Internal computational models of physical bodies are fundamental to the ability of robots and animals alike to plan and control their actions. These "self-models" allow robots to consider outcomes of multiple possible future actions, without trying them out in physical reality. Recent progress in fully data-driven self-modeling has enabled machines to learn their own forward kinematics directly from task-agnostic interaction data. However, forward-kinematics models can only predict limited aspects of the morphology, such as the position of end effectors or velocity of joints and masses. A key challenge is to model the entire morphology and kinematics, without prior knowledge of what aspects of the morphology will be relevant to future tasks. Here, we propose that instead of directly modeling forward-kinematics, a more useful form of self-modeling is one that could answer space occupancy queries, conditioned on the robot's state. Such query-driven self models are continuous in the spatial domain, memory efficient, fully differentiable and kinematic aware. In physical experiments, we demonstrate how a visual self-model is accurate to about one percent of the workspace, enabling the robot to perform various motion planning and control tasks. Visual self-modeling can also allow the robot to detect, localize and recover from real-world damage, leading to improved machine resiliency.


Overview Video (with narrations and subtitles)

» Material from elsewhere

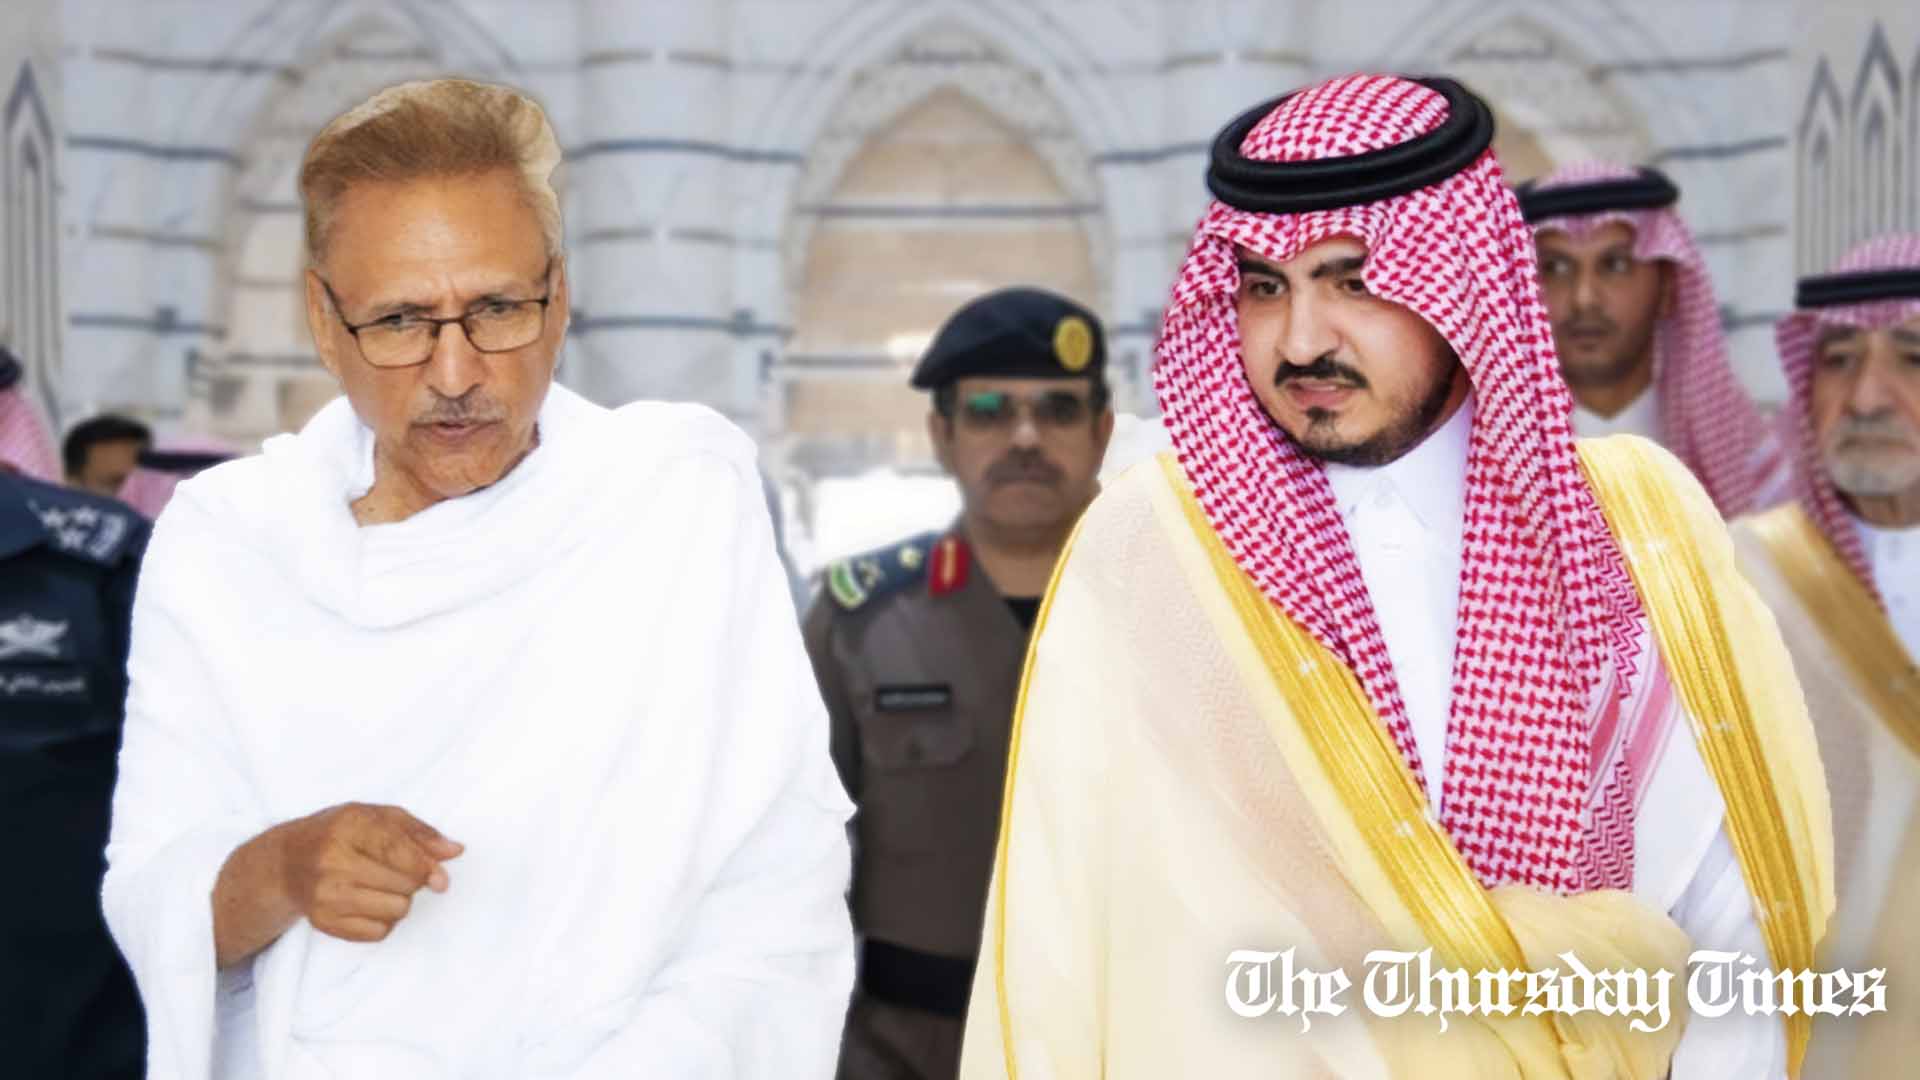 A file photo of Pakistani president Arif Alvi is shown at Jeddah. — FILE/SAUDI PRESS AGENCY

Latest version: arXiv:2111.06389 [cs.CV]

Code and Dataset

We release our codebase at this link. Please follow the instructions on our GitHub page to use the code and the dataset..


Columbia University


This research was supported by DARPA MTO Lifelong Learning Machines (L2M) Program HR0011-18-2-0020, NSF NRI Award #1925157, NSF CAREER Award #2046910, and a gift from Facebook Research.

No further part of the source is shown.